Am J Perinatol
DOI: 10.1055/a-2099-8662
Original Article

Health Care Disparities and the Emergency Management of Postpartum Patients with Cardiovascular Complaints

Irene A. Stafford
1   Department of Obstetrics and Gynecology, McGovern Medical School at UTHealth, Houston, Texas
,
1   Department of Obstetrics and Gynecology, McGovern Medical School at UTHealth, Houston, Texas
,
Lindsay A. Wilken
1   Department of Obstetrics and Gynecology, McGovern Medical School at UTHealth, Houston, Texas
,
Kaleigh E. Olmsted
1   Department of Obstetrics and Gynecology, McGovern Medical School at UTHealth, Houston, Texas
,
Mayrose R. Porter
2   Department of Obstetrics and Gynecology, Baylor College of Medicine, Houston, Texas
,
Julia M. Armstrong
3   Department of Obstetrics and Gynecology, UTHealth San Antonio, San Antonio, Texas
,
Gabriella GO
4   Department of Obstetrics and Gynecology, University of Texas Rio Grande Valley, Edinburg, Texas
,
1   Department of Obstetrics and Gynecology, McGovern Medical School at UTHealth, Houston, Texas
› Author Affiliations
Funding None.

Abstract

Objective This study aimed to determine health care disparities in evaluation and admission among underserved racial and ethnic minority groups presenting with cardiovascular complaints during the first postpartum year according to patient and provider demographics.

Study Design A retrospective cohort study was performed on all postpartum patients who sought emergency care between February 2012 and October 2020 in a large urban care center in Southeastern Texas. Patient information was collected according to International Classification of Diseases 10th Revision codes and individual chart analysis. Race, ethnicity, and gender information were self-reported for both patients on hospital enrollment forms and emergency department (ED) providers on their employment records. Statistical analysis was performed with logistic regression and Pearson's chi-square test.

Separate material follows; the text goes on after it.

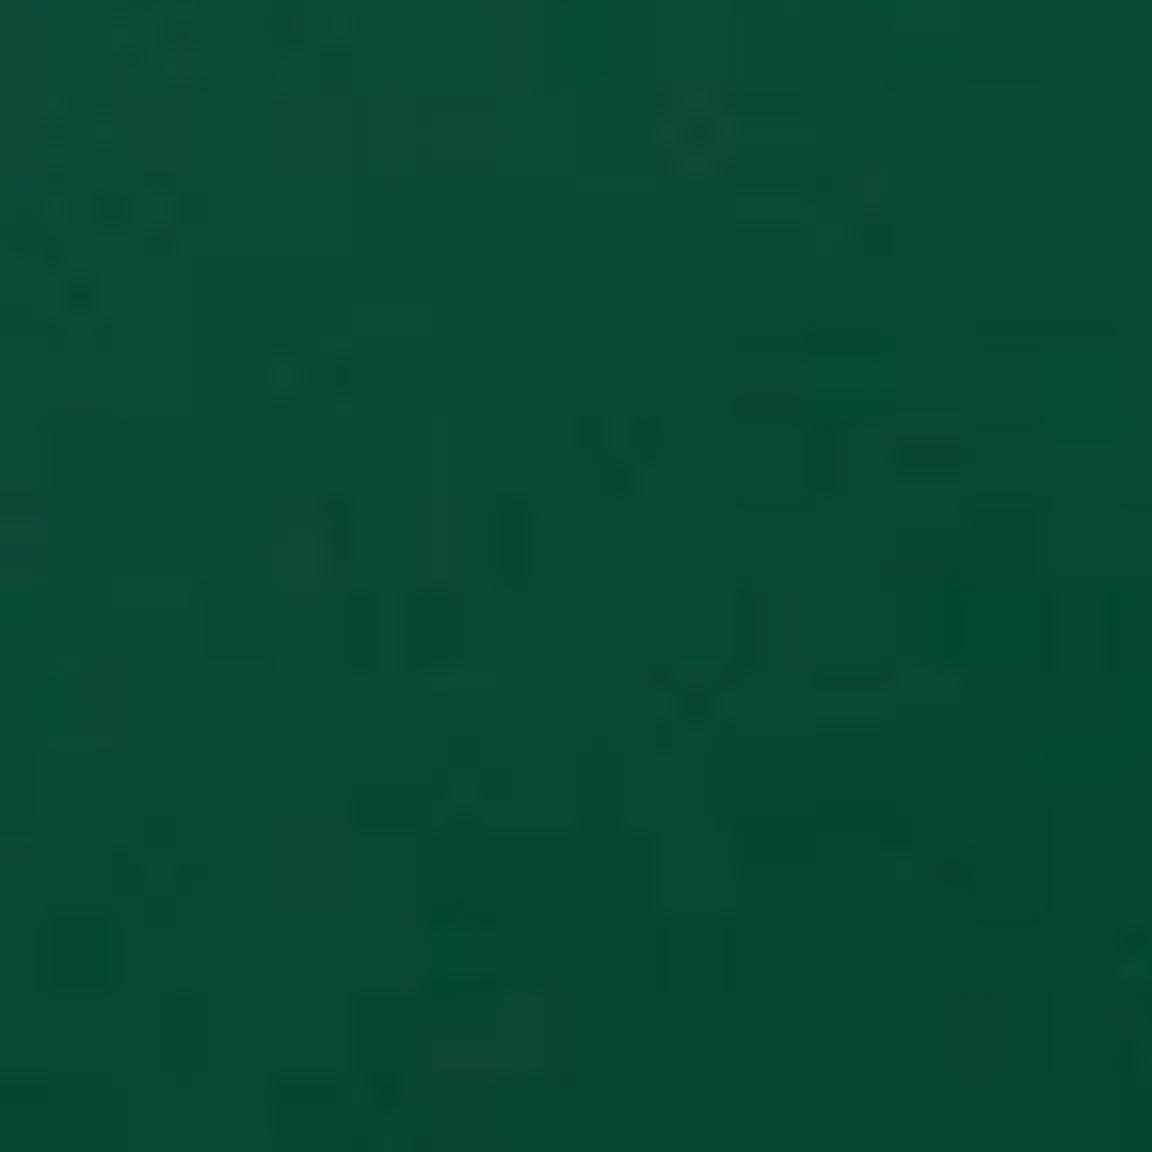 Green Ceramic Steel - Plain Surface

Results Of 47,976 patients who delivered during the study period, 41,237 (85.9%) were black, Hispanic, or Latina and 490 (1.1%) presented to the ED with cardiovascular complaints. Baseline characteristics were similar between groups; however, Hispanic or Latina patients were more likely to have had gestational diabetes mellitus during the index pregnancy (6.2 vs. 18.3%). There was no difference in hospital admission between groups (17.9% black vs. 16.2% Latina or Hispanic patients). There was no difference in the hospital admission rate by provider race or ethnicity overall (p = 0.82). There was no difference in the hospital admission rate when a patient was evaluated by a provider of a different race or ethnicity (relative risk [RR] = 1.08, CI: 0.6–1.97). There was no difference in the rate of admission according to the self-reported gender of the provider (RR = 0.97, CI: 0.66–1.44).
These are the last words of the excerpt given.